It’s a dress rehearsal for the big contest in 2019. Bypolls to two Lok Sabha seats in UP offer a chance to test the feasibility of a Bihar-style ‘grand alliance’ against the BJP. But can it work?

SP-BSP Alliance Double Or Quits?
Photograph by Naeem Ansari & PTI
SP-BSP Alliance Double Or Quits?
outlookindia.com
2018-03-10T10:55:48+0530

So Mayawati and Akhilesh Yadav have finally opted for pragmatism over pride and prejudice. The logic had been staring at everyone’s face from even before 2014,  when the electoral phenomenon called Narendra Modi hit Uttar Pradesh for the first time. It was like a giant snowball, devouring the whole landscape before it, almost programmed to superabundant success. But even in the face of that self-propelling elemental force, an aggregation of the three main non-BJP parties—Samajwadi Party, Bahujan Samaj Party and Congress—added up to just a wee short of 50 per cent of all votes cast. And seats gained? Just 7/80. Everyone saw the logic, but no one could surmount the entrenched political antagonisms to make it happen.
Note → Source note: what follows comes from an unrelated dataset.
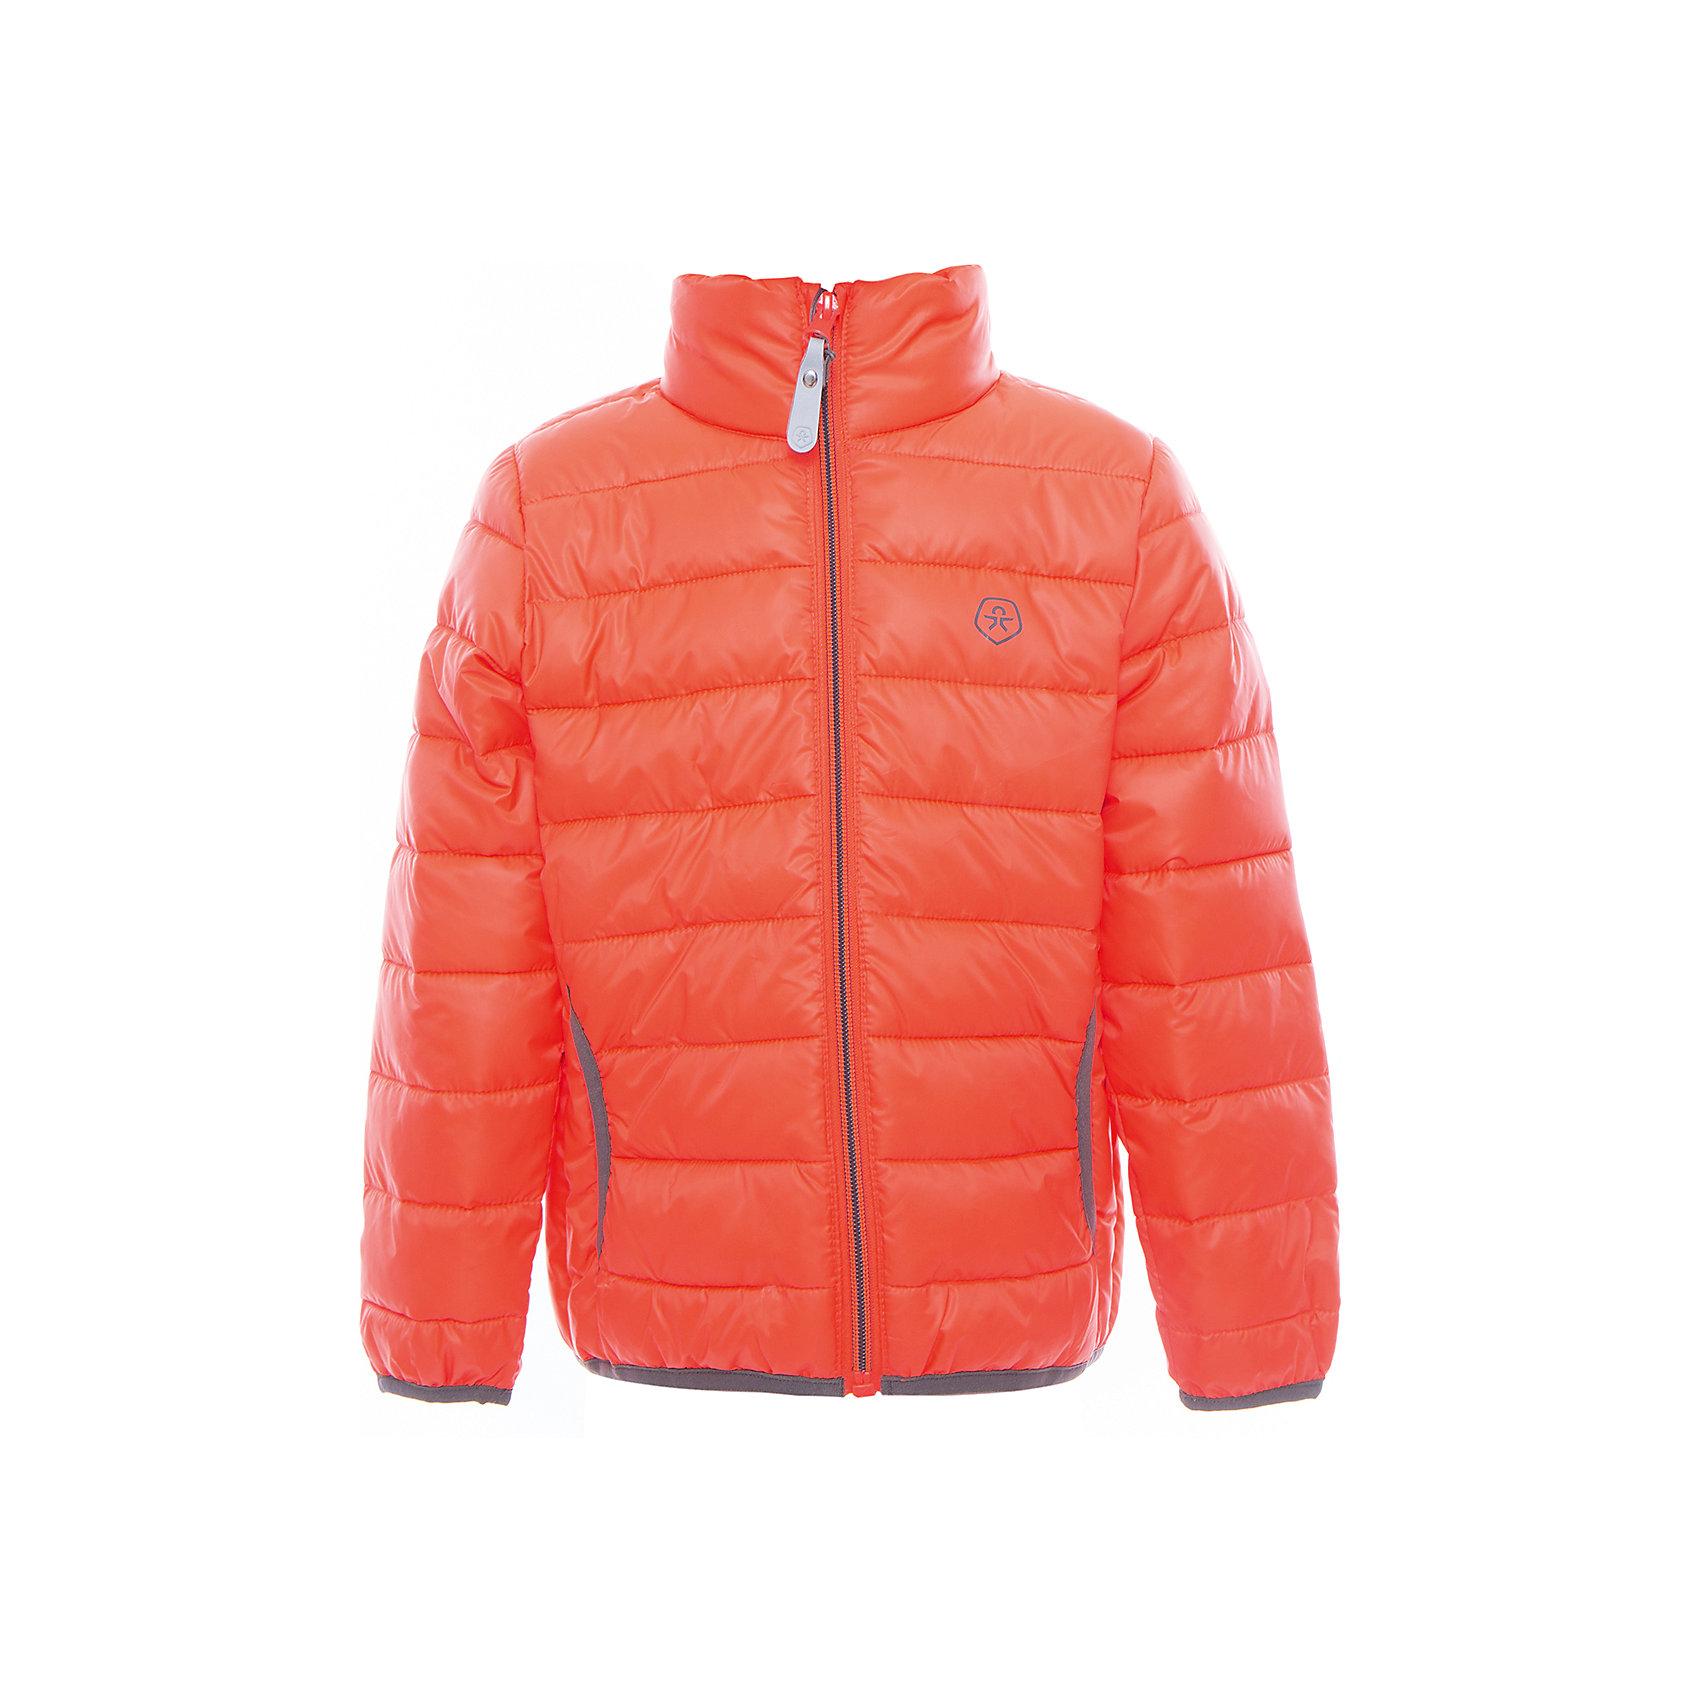 Куртка  Color KidsВерхняя одежда<br>Характеристики товара:<br><br>• цвет: оранжевый<br>• состав: 100 % полиэстер<br>• подкладка: 100 % полиэстер<br>• утеплитель: 160г/м синтепон<br>• температурный режим: от -5° С до +10°С<br>• светоотражающие детали<br>• застежка: молния<br>• защита подбородка<br>• два кармана<br>• логотип<br>• комфортная посадка<br>• страна бренда: Дания<br><br>Эта симпатичная и удобная куртка отлично подойдет для ношения в межсезонье. Она комфортно сидит и обеспечивает ребенку необходимое удобство. Очень стильно смотрится.<br><br>Куртку от датского бренда Color Kids (Колор кидз) можно купить в нашем интернет-магазине.<br><br>Ширина мм: 356<br>Глубина мм: 10<br>Высота мм: 245<br>Вес г: 519<br>Цвет: розовый<br>Возраст от месяцев: 36<br>Возраст до месяцев: 48<br>Пол: Унисекс<br>Возраст: Детский<br>Размер: 104,98,110,116,122,128,140,152,92<br>SKU: 5443156

It did happen, over a year later, in Bihar. A ‘mahagathbandhan’ or grand alliance of two forces that had lived in mutual antipathy since the mid-1990s. The Nitish-Laloo entente didn’t endure, but it demonstrated the viability of the formula. That is, when faced with an otherwise unstoppable force, enemies can join hands to become one immoveable object—for sheer survival. The thought has been intermittently floated as a trial balloon ever since, especially after the assembly polls in early 2017 once again reiterated the BJP’s utter domination of the field in UP. What if Mayawati, still an icon for Dalits in her reduced state, and still the proud owner of a near-captive vote, comes together with the newly maturing talents of the second-generation Samajwadi, Akhilesh, with his party’s solid earth connection back in Yadav country?

Now it has come to pass. Even as the BJP was savouring the glad tidings from the Northeast, news wafted in from UP of the SP and BSP getting together to try and overcome the saffron challenge jointly in Gorakhpur and Phulpur, two Lok Sabha constituencies that will vote on March 11 to fill the vacancies left behind by UP CM Yogi Adityanath and his deputy. It’s blind date Sunday: no one is quite sure how it will turn out. But its effect will be parsed, interpreted and acted upon for months to come. Not just by the present dramatis personae, and way beyond these two heartland constituencies.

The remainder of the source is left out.